Un apodo, mote, alias,.. nunca suele sentarle bien al sujeto al cual se le pone. Pero dentro de las posibilidades siempre los habrá con una mala leche y/o estupidez destacable y sin que les falte un artículo determinante delante. Además de que en todos los colegios se crean con mucha holgura, en los pueblos y localidades pequeñas suele ser donde estos perduran incluso de generación en generación. Y para muestra unos ejemplos:

  • Los risas. Aplicado a los descendientes del ya difundo abuelo que padeció de una parálisis facial que le afectó a la boca. Ésta le provocaba el gesto en el rostro de como si se estuviera riendo.
  • El asesino. Utilizado para referirse a un huerto en el que hace muchos años alguien fue asesinado. Pero como el huerto del asesinado sonaba raro a los chismosos, hicieron ese cambio de apariencia insignificante pero de aparente cambio de titularidad de la propiedad.
  • Los muertos. Delicado apodo donde los haya, para aludir a una familia de la que cuentan los corrillos que un antepasado iba en el ataúd del cortejo fúnebre hasta que empezó a golpear el féretro. Tuvo suerte y se salvó aquella vez cuando otros muchos acababan arañando sin éxito el interior de caja. Eran otros tiempos, sin las 24 horas de espera que ahora vemos tan normales.
  • El millones. Sencillo y burlón. Asignado a alguien que estuvo durante un tiempo prometiendo el oro y el moro por algo tenía entre manos y que terminó en agua de borrajas. Todo difundido como los sacabarrigas de toda la vida.
  • El cacas. Despectiva manera de llamar a un chaval del colegio porque por su color de piel y facilidad para sudar, parecía que siempre estuviera lleno de la llamada roña. Los motes ente críos, siempre de los más crueles.

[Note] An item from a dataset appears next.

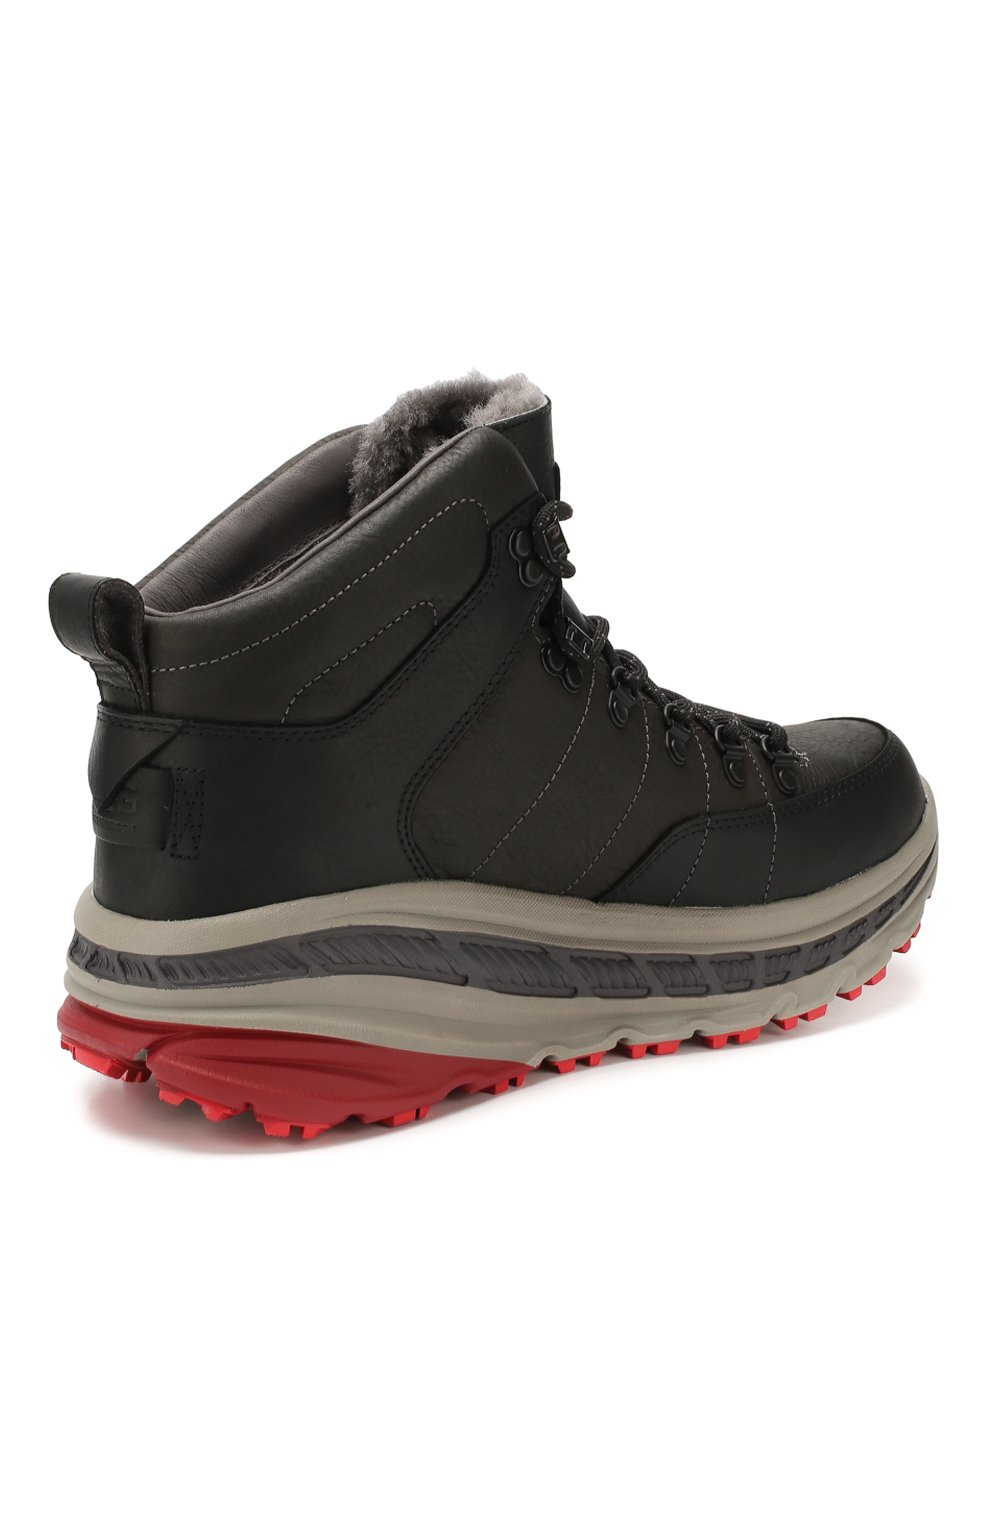 Мужские кожаные ботинки ugg x white mountaineering 805 hiker UGG черного цвета, арт. 1108650_BLK   Фото 4

  • El bibi. Originado en una pelea entre adolescentes. El que salió más perjudicado acabó en el suelo, el protagonista del aún inexistente mote le tendió la mano para ayudarle a levantarse y eso fue visto como un acto un tanto homosexual por los demás. Al correr los tiempos del boom mediático de Manuel Fernández, más tarde Bibiana Fernández o Bibí Andersen, le calló ese apodo en gracia.

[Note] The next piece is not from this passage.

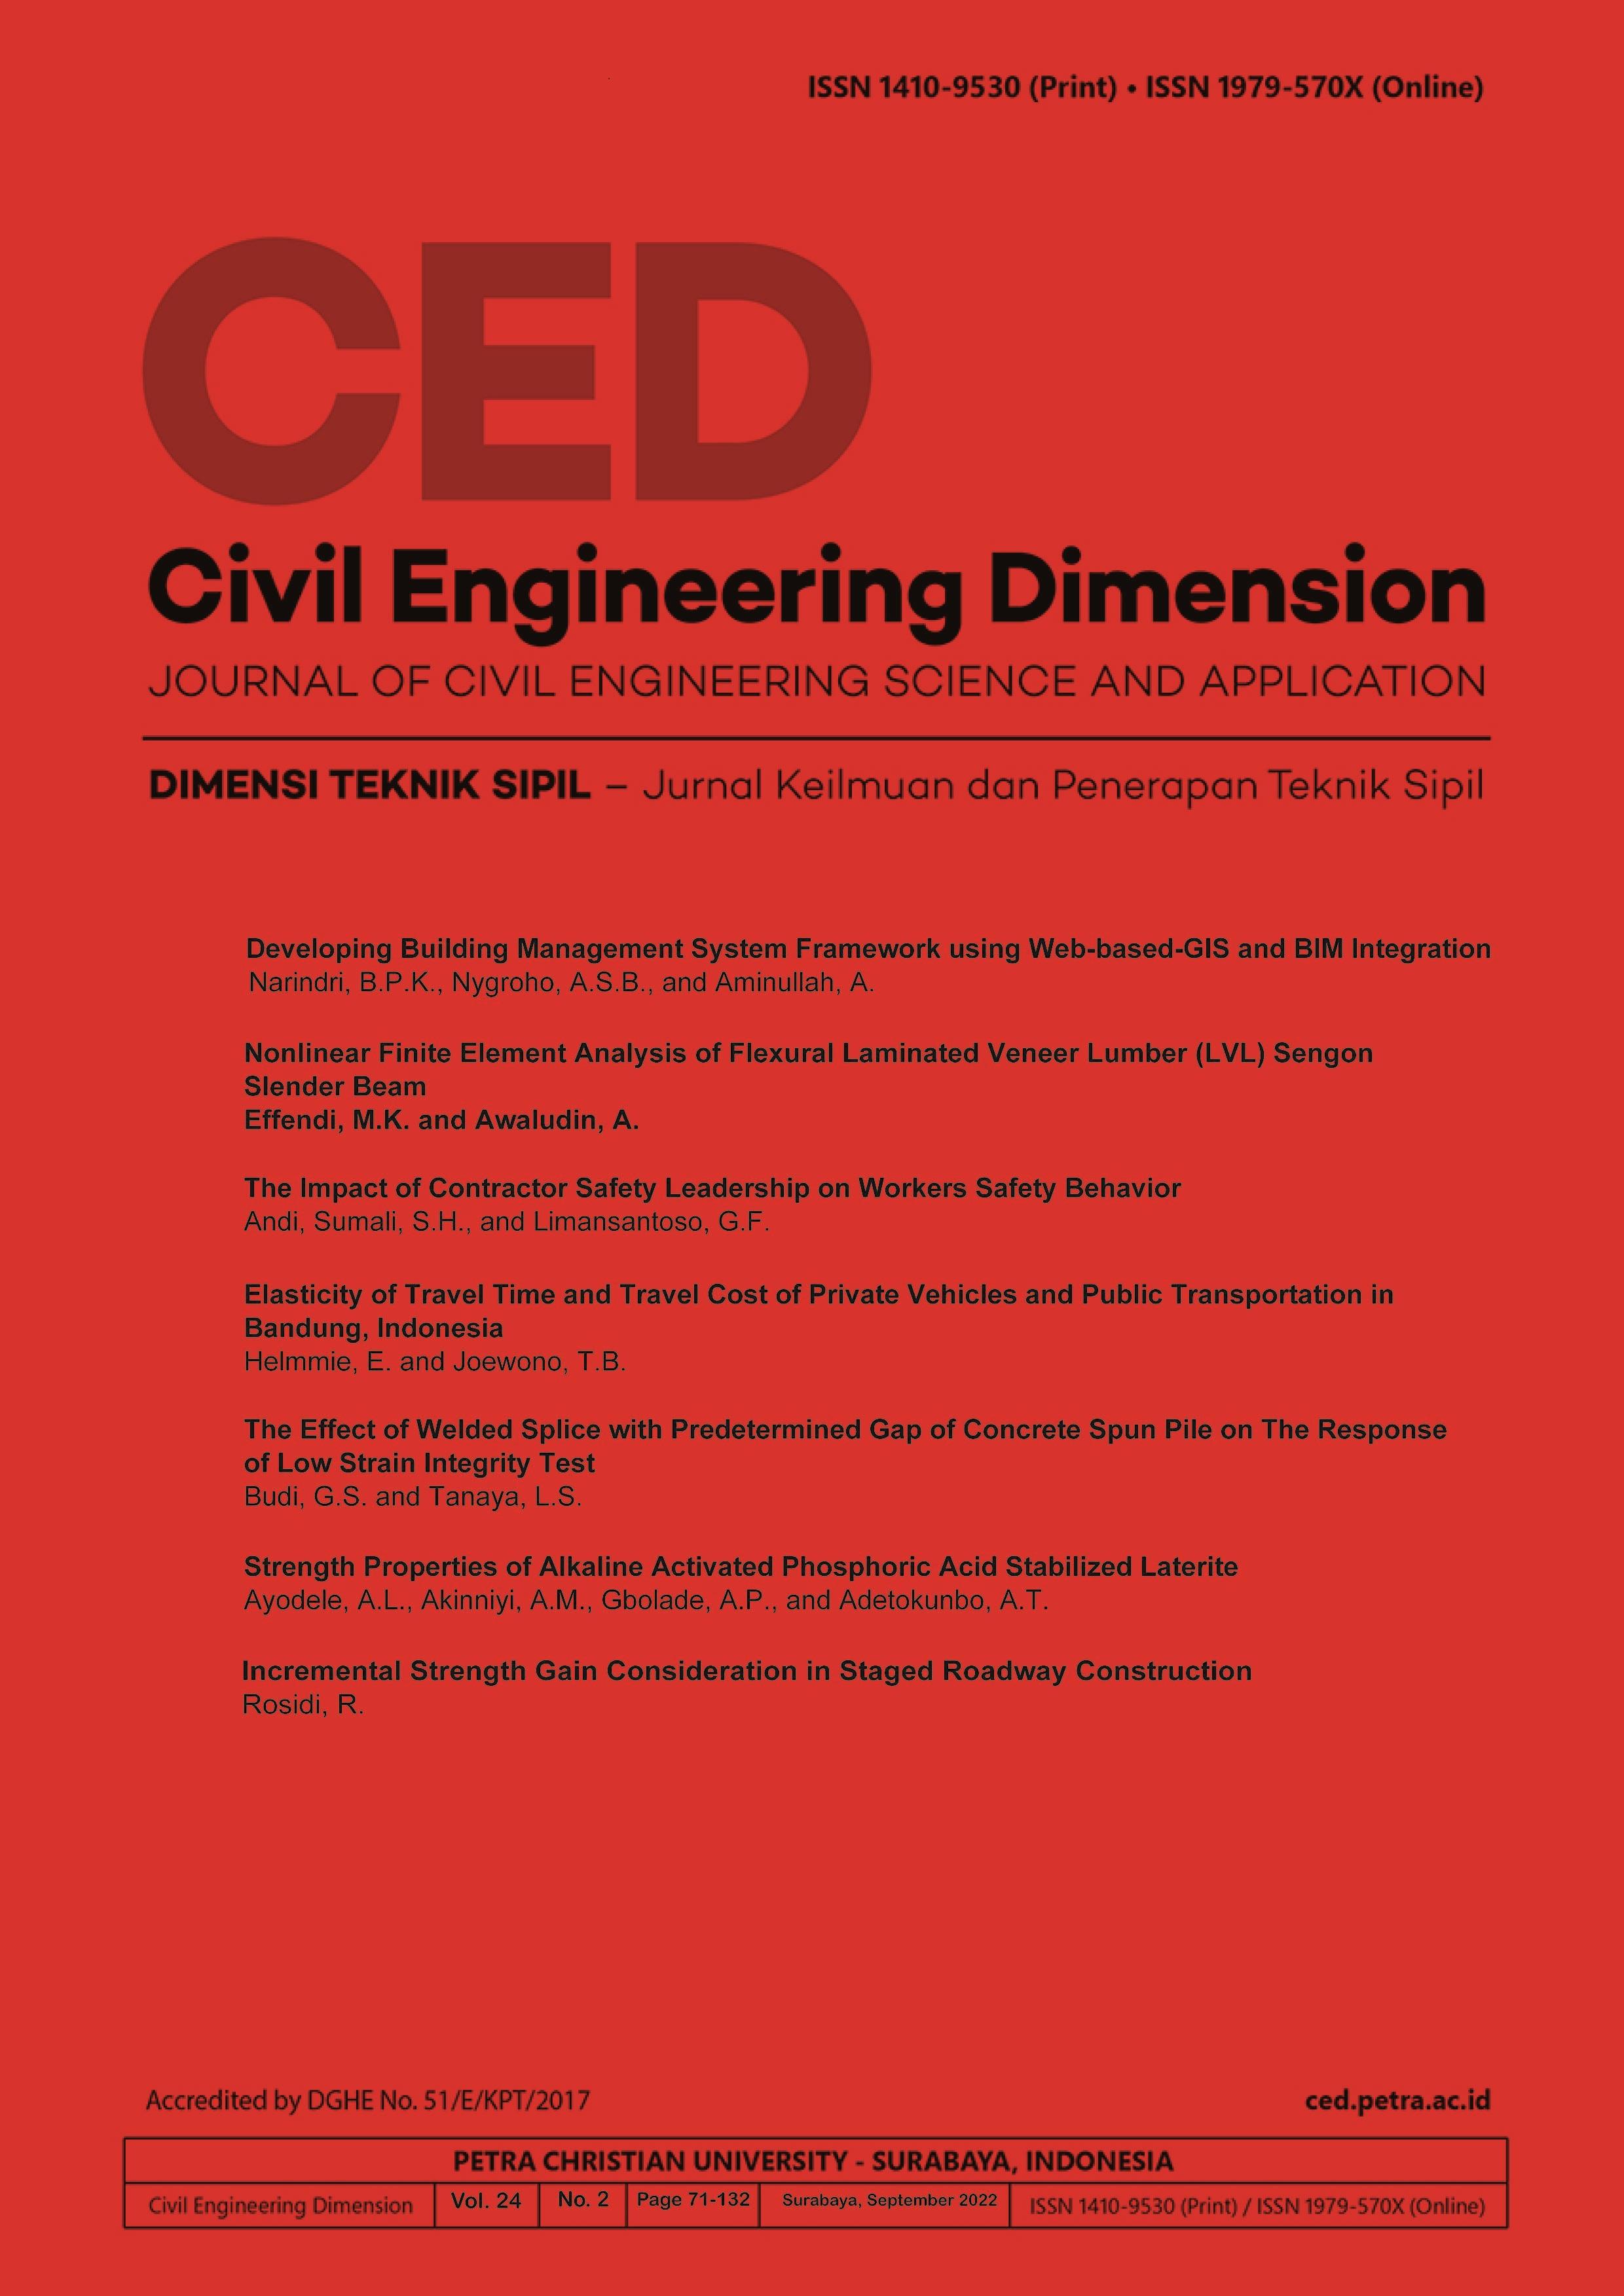 Civil Engineering Dimension

  • El tenientrillo. Apellidarse Trillo, tener una forma de ser dicen que especial y ser poco agraciado en la estatura le costó tal apodo al cartagenero Federico Trillo-Figueroa mientras impartía clase en la Escuela Naval.
  • El nemo. Motivado por una notable atrofia de una mano, con menor tamaño que la otra, le costó a un hombre este desafortunado y bastante cruel mote.

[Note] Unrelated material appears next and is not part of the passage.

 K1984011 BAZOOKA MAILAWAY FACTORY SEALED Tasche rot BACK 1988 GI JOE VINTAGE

  • La muñeca de Famosa. Causado por un problema de origen desconocido, que le producía a un profesor que cerrase los ojos cada vez que levantaba la mirada entre los alumnos. Un efecto similar al de las muñecas de toda la vida cuando se les ponía en pie.
  • El putero. Ideado hacia un docente que siempre llegaba un rato tarde a clase, con los faldones de la camisa medio por fuera, reloj chapado en oro a juego con la cadenilla que le sobresalía por llevar más botones desabrochados de la cuenta y todo con mucha prisa. Por supuesto, las clases también terminaban antes de lo previsto y a los de alguna no promoción no les explicó más allá de la mitad del temario o les demoró la corrección de un examen tipo test de diez preguntas hasta en dos meses. Nadie supo nunca exactamente en qué fregados andaría, pero daba el pego bastante…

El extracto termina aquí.